On this same point I call attention to the unanimous jurisprudence to the effect that the doctrine of the last clear chance has no application, and will not serve to render a defendant liable, where the negligence of the injured party continues to the moment of the accident. Jarrow vs. City of New Orleans, 168 La. 992, 123 So. 651; Harrison vs. La. Western R. Co., 132 La. 761, 61 So. 782; Castile vs. O’Keefe, 138 La. 479, 70 So. 481. That all the other autoists saw the train and stopped, and that those on the train saw the automobiles, is conclusive proof of the fact that Mrs. Mc-Lellan could have seen the train had she looked.

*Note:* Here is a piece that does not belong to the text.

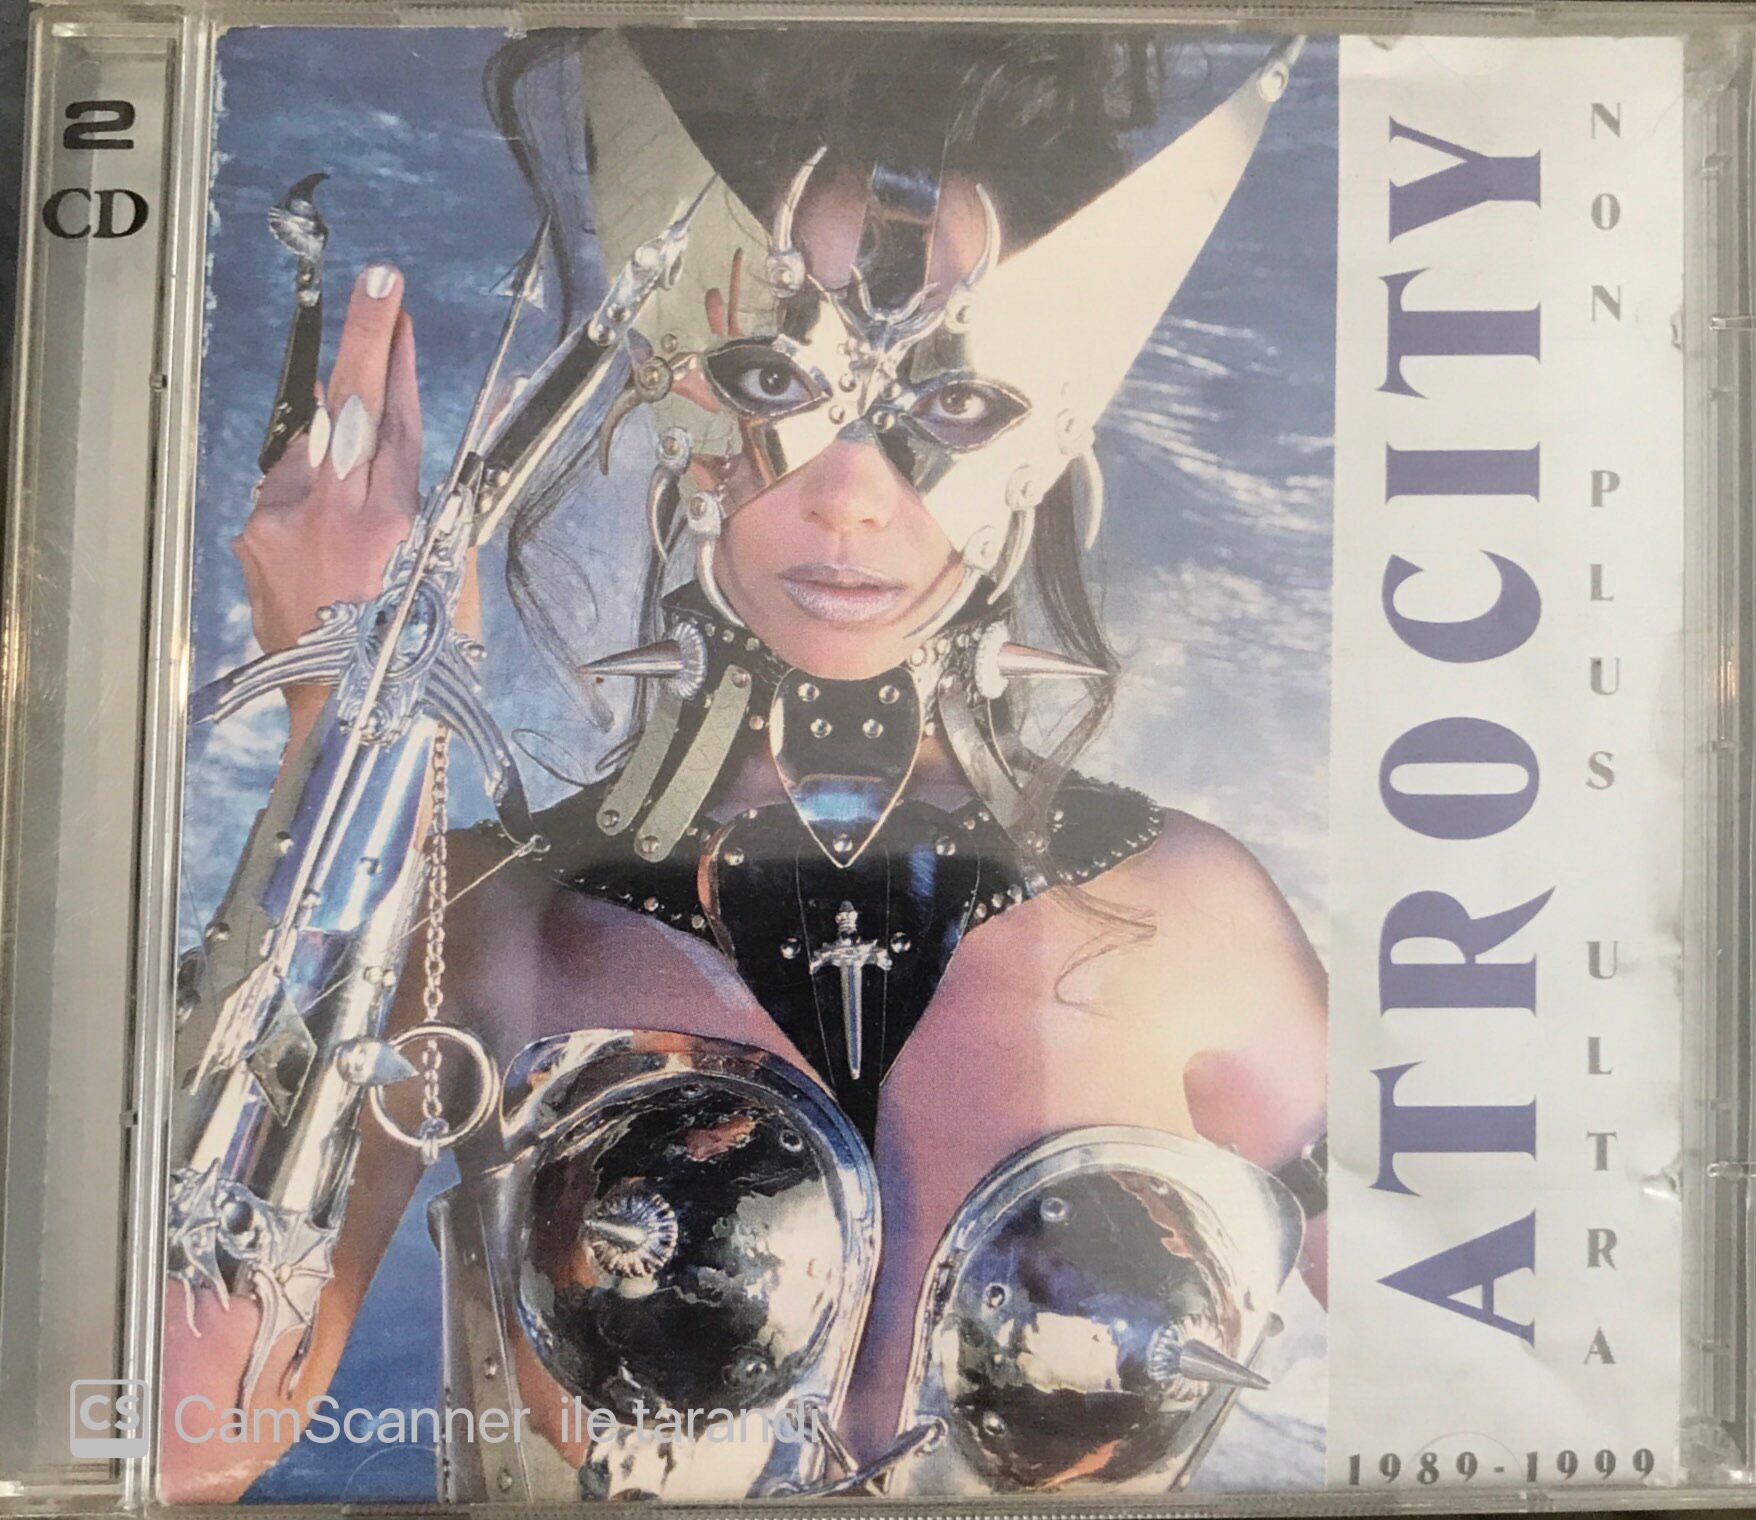 Atrocity - Non Plus Ultra CD

I cannot but feel that to affirm a judgment for Mrs. McLellan would do violence to the jurisprudence of tihis state and of the United States, which jurisprudence is, in my opinion, well expressed in the following:
“Statutes and municipal ordinances in every jurisdiction prescribe specifically the duty of railway corporations in respect to railway crossings; but no failure on the part of the railroad company to do its duty will excuse any.one from using the senses of sight and hearing upon approaching a railway crossing, and, whenever the due 'use of either sense would have enabled the injured person to escape the danger, the injury is conclusive evidence of negligence, without any reference to the railroad’s failure to perform its duty.” Brown vs. T. & P. Ry. Co., 42 La. Ann. 350, 7 So. 682, 684, 21 Am. St. Rep. 374.

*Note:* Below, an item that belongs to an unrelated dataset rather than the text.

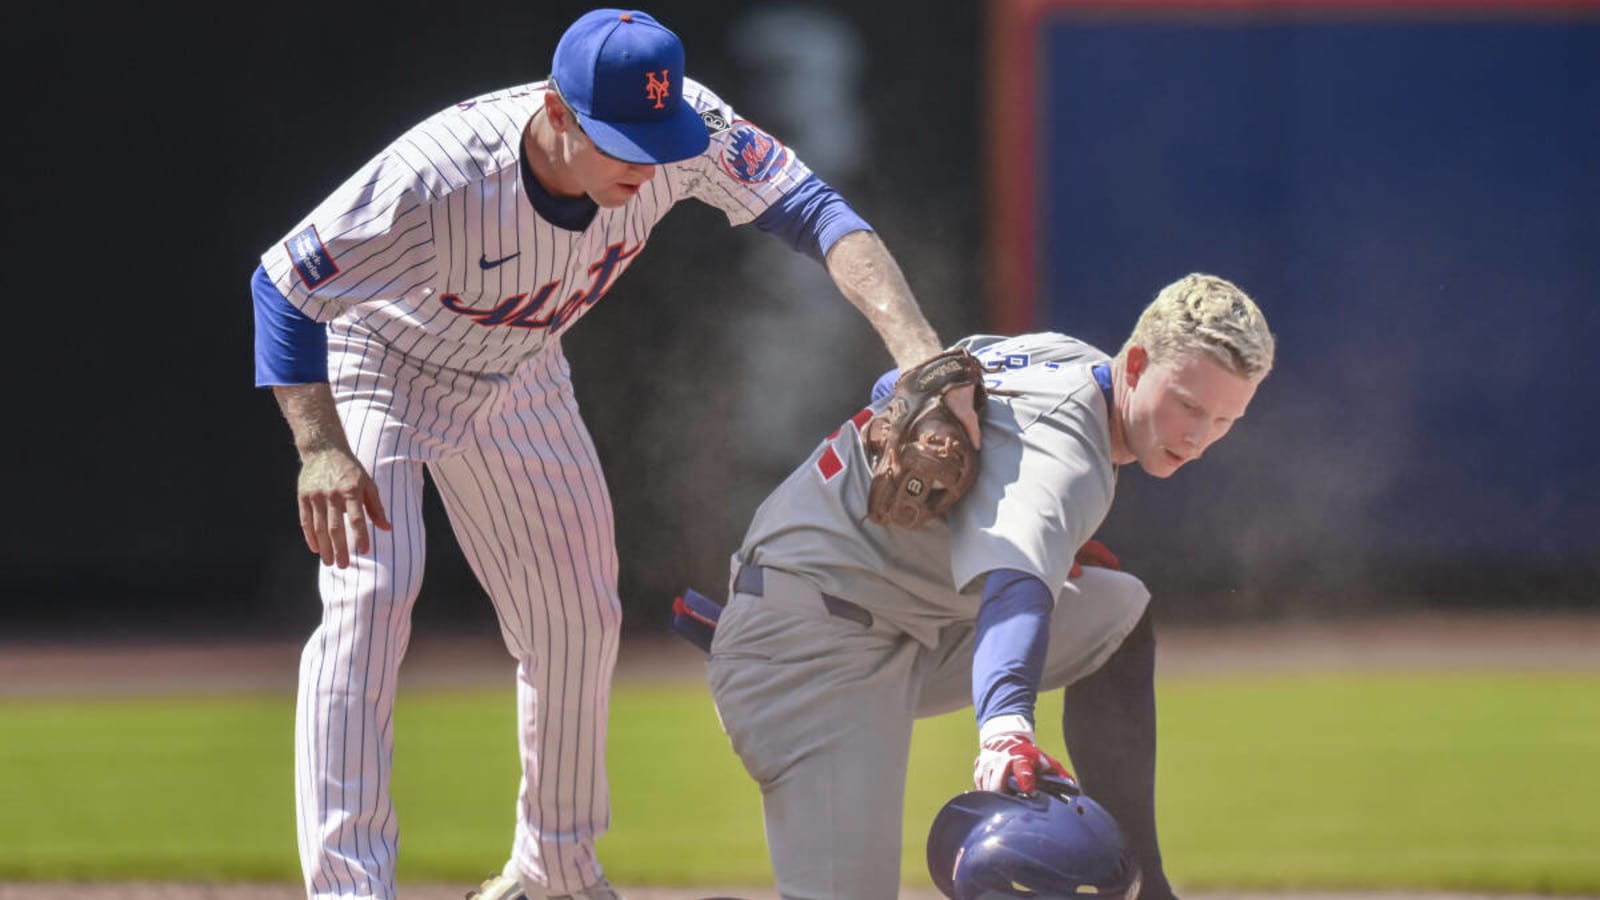 Cubs Bullpen Blows Early Lead, Mets Walk It Off in Extras

“When a man goes upon a railroad track he knows that he goes to a place where he will be killed if a train comes upon him before he is clear of the track. He knows that he must stop for the train not the train stop for him.” B. & O. R. R. Co. vs. Goodman, 275 U. S. 66, 48 S. Ct. 24, 25, 72 L. Ed. 167, 56 A. L. R. 645.

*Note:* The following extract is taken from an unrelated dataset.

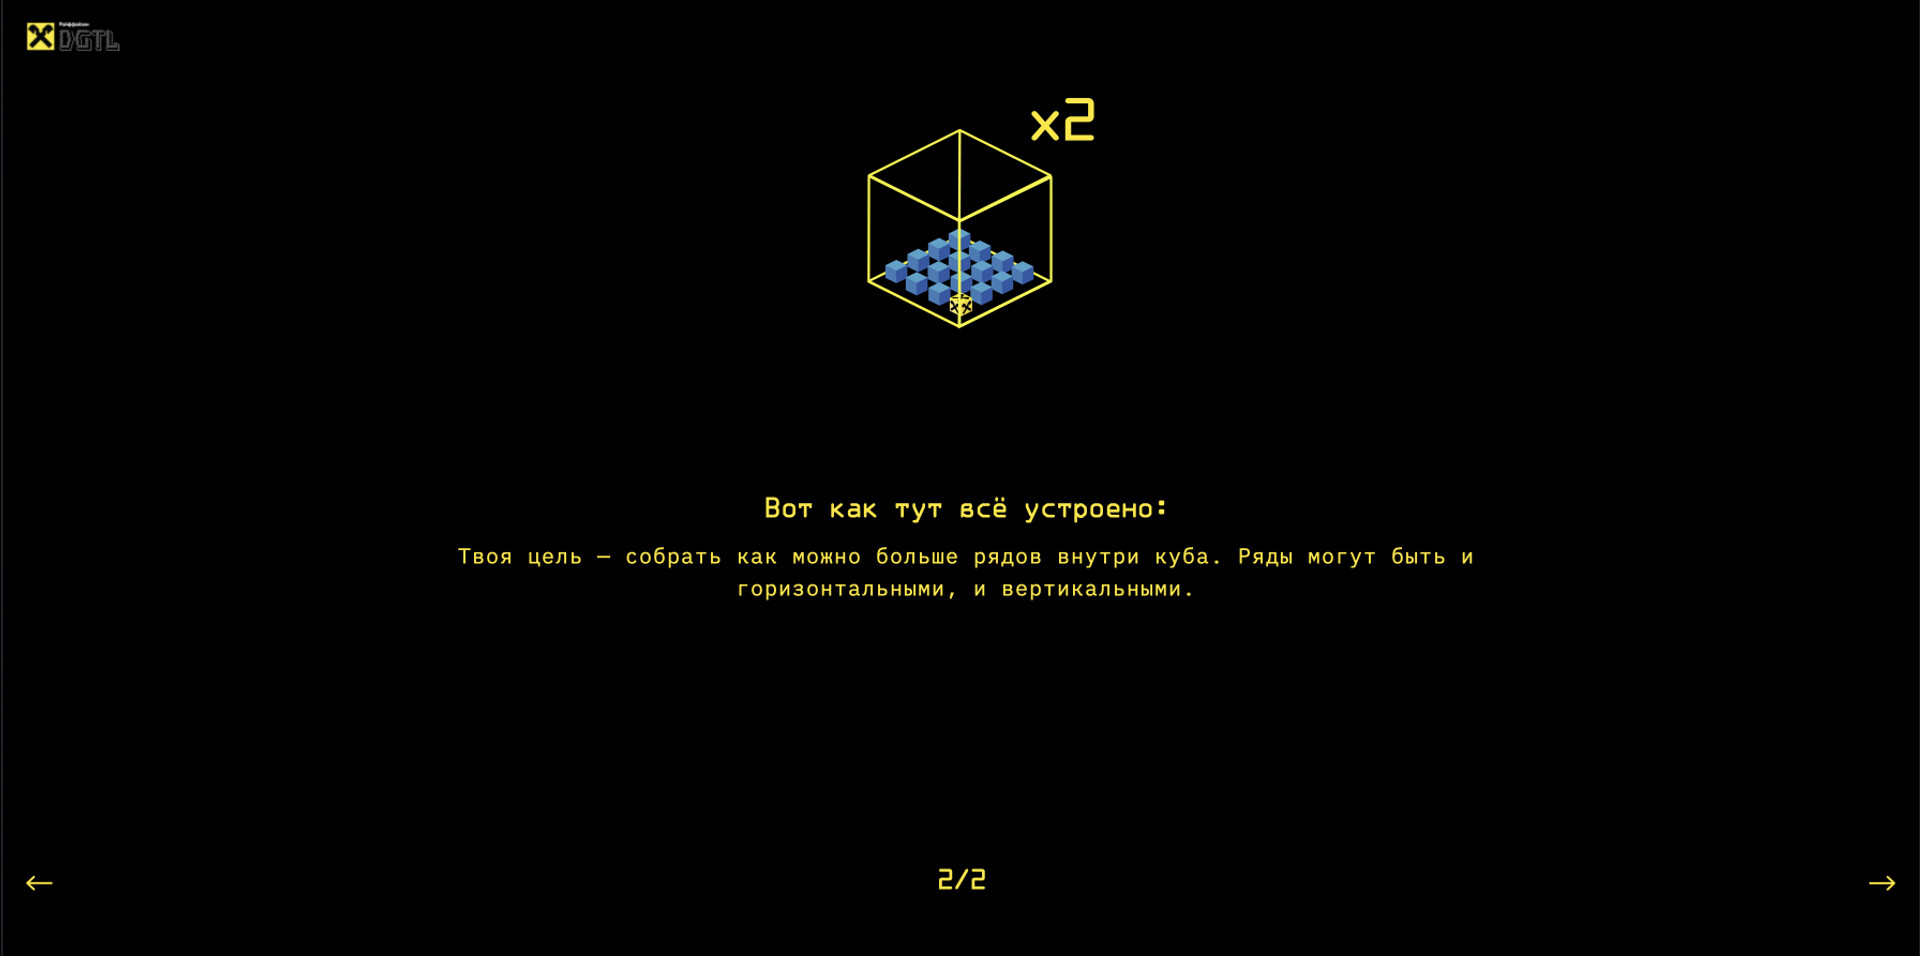 A Tetris-inspired AR game for Raiffeisenbank

As to Mr. McLellan, the legal situation is different. The negligence of his wife as the driver of the car is not chargeable to him. Churchill vs. T. & P. Ry. Co., 151 La. 726, 92 So. 314; Vitale vs. Checker Cab Co., 7 La. App. 653; Daull vs. N. O. Ry. & Light Co., 147 La. 1012, 86 So. 477; Southern Surety Co. vs. M. L. & T. R. R. & S. S. Co., 6 La. App. 575.
Of course, as was recognized in the Churchill case, there may be and there often are circumstances under which a guest in an automobile is guilty of negligence independent of that of the driver: for instance, where the driver is plainly incompetent, or is manifestly intoxicated, or guilty of such continuous recklessness as to demand remonstrance or protest from any ordinarily prudent person. But these circumstances do not seem to have been present here.
I therefore concur in the decree amending and affirming the judgment in favor of Mr. McLellan, but respectfully dissent from the decree amending and affirming the judgment in favor of Mrs. McLellan.